Отвесив мне почтительный поклон, будто, приняв предложение, я оказал ему большую честь, он вышел в соседнюю комнату, и мне наконец представилась возможность вздохнуть и спокойно оглядеться, тем более что в кабинете, который в отличие от прочих комнат оказался обставлен мебелью, было на что посмотреть. Два кресла и журнальный столик, напротив окна письменный стол, тоже с креслом перед ним, обитым кожей, книжный шкаф, просевший под грузом серьезных трудов. На стенах висели разные украшения. На одной была карта неизвестной мне местности, которая была начерчена красками на высушенной шкуре какого-то животного. На другой — исполненный в исключительно академическом стиле и помещенный в строгую рамку портрет Цезарии в полный рост. Облаченная в платье исключительной красоты, с высокой талией и украшенное многочисленными рюшами, она стояла возле фаэтона. Это была незнакомая мне Цезария, по крайней мере, такой я никогда ее не видел. Пожалуй, именно в этом облике она блистала в парижском высшем обществе. Еще там висели небольшие пейзажи неизвестных мастеров, но они не привлекли моего внимания, и я быстро прошествовал мимо них к столику Джефферсона — один странный предмет на нем, напоминавший большого деревянного паука, приковал мой взор.

— Это копировальная машинка, — пояснил мне вернувшийся к этому времени Зелим. — Ее изобрел Джефферсон, — он выдвинул стул. — Будьте любезны, садитесь. — Я сел. — Советую вам непременно попробовать, как она работает.

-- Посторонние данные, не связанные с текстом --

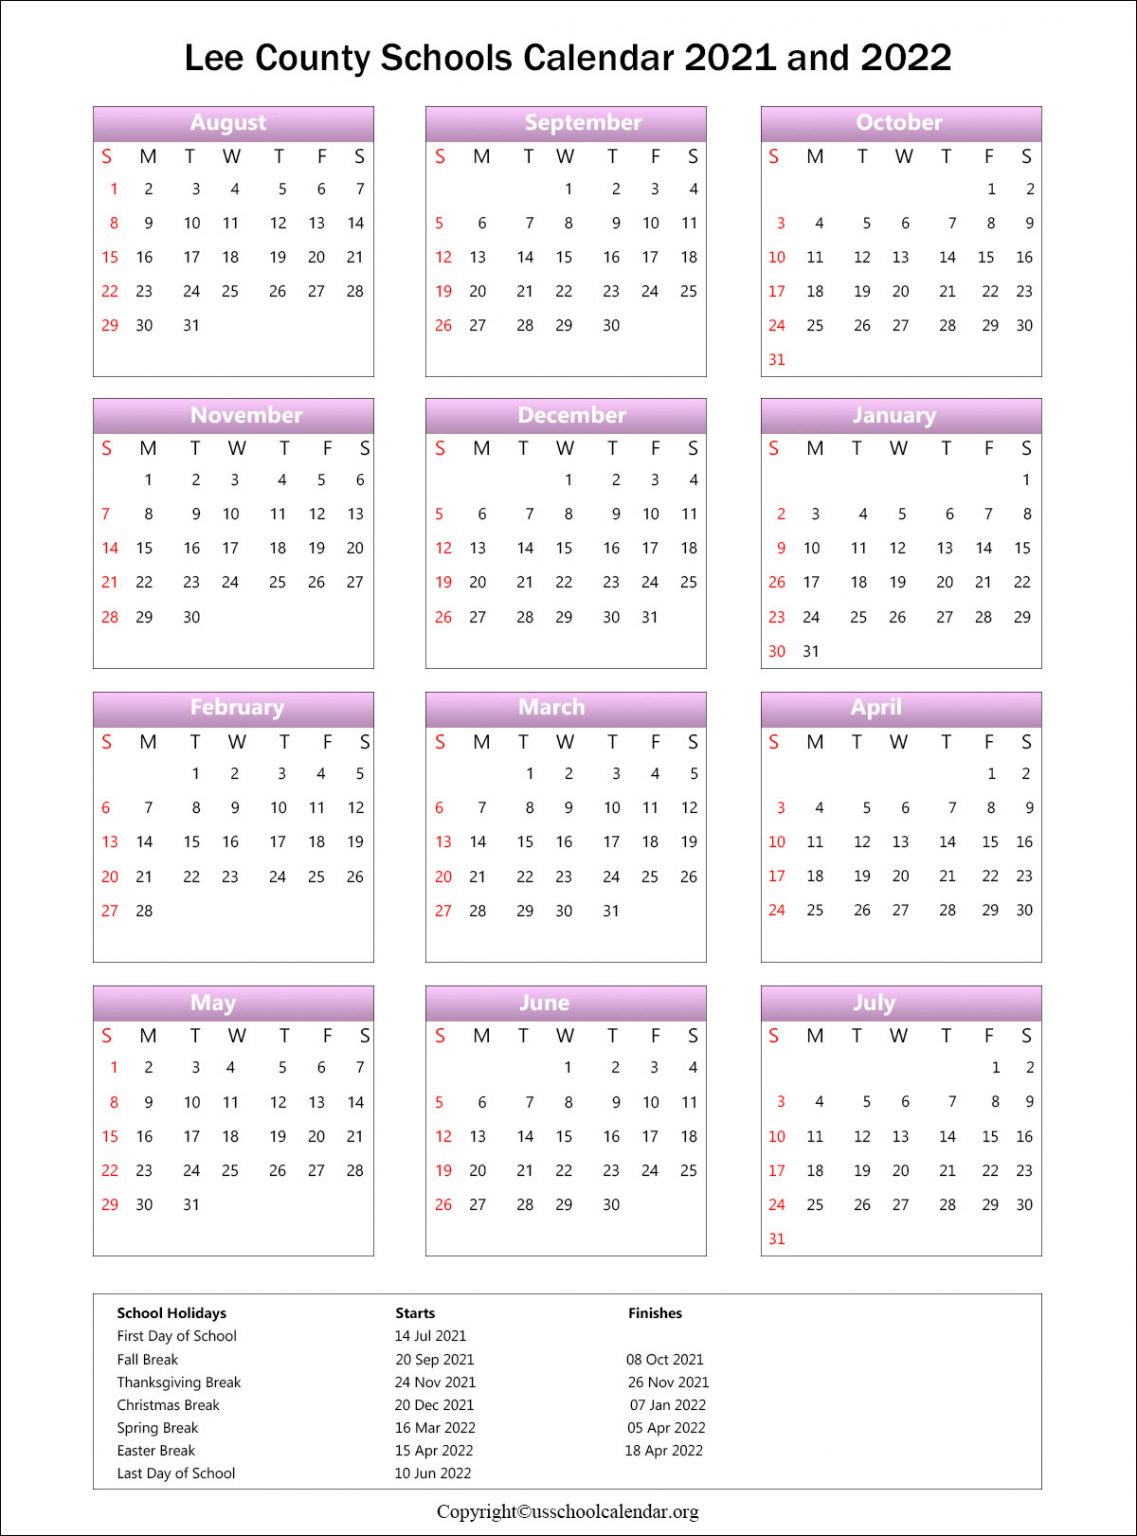 lee-county-school-calendar-with-holidays-2021-2022
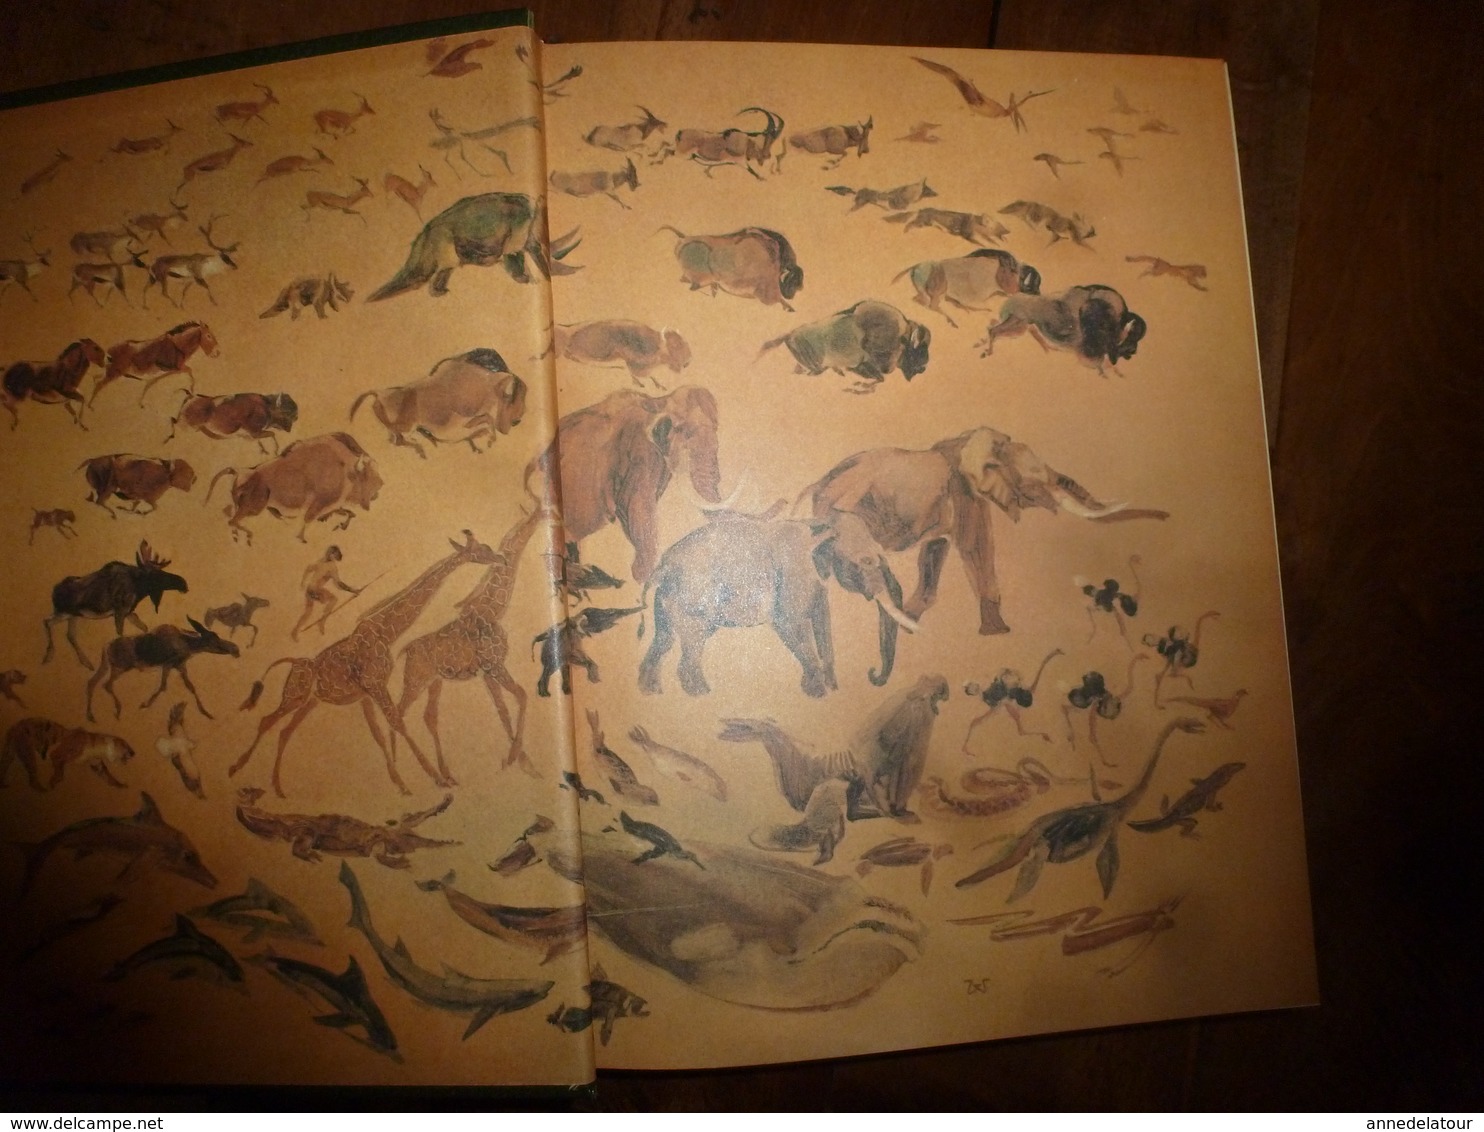 LE MONDE ANIMAL - Encyclopédie de la Vie des Bêtes -  en 13 volumes + index

На столе лежала бумага, а в устройство была вставлена ручка, поэтому, зная его назначение, было нетрудно догадаться, как оно действует. Я достал ручку и, опустив ее на бумагу, приготовился писать, что сразу же привело в действие множество стоек, которые приблизили к лежавшему справа от меня листу бумаги другую ручку, и та вслед за моими движениями довольно точно изобразила мое имя.

— Здорово! — воскликнул я. — А он ею пользовался?

— В Монтичелло у него была еще одна машинка, которую он применял постоянно, — ответил мне Зелим. — А этой пользовался раза два от силы.

— Неужели? — пробормотал я. — Я имею в виду... пальцы Джефферсона касались этой ручки?

— Конечно. Я видел это собственными глазами. Насколько я помню, он тогда писал письмо Джону Адамсу.

Я не мог удержаться от невольного восхищения, что, должно быть, покажется вам несколько странным, ведь меня почти всю жизнь окружали настоящие божества. В конце концов, Джефферсон был всего лишь человеком, но, возможно, именно этот факт и был причиной моего восторга, потому что, будучи смертным, ему удалось достичь видения невероятной широты, о котором большинство простых смертных не смеют и мечтать.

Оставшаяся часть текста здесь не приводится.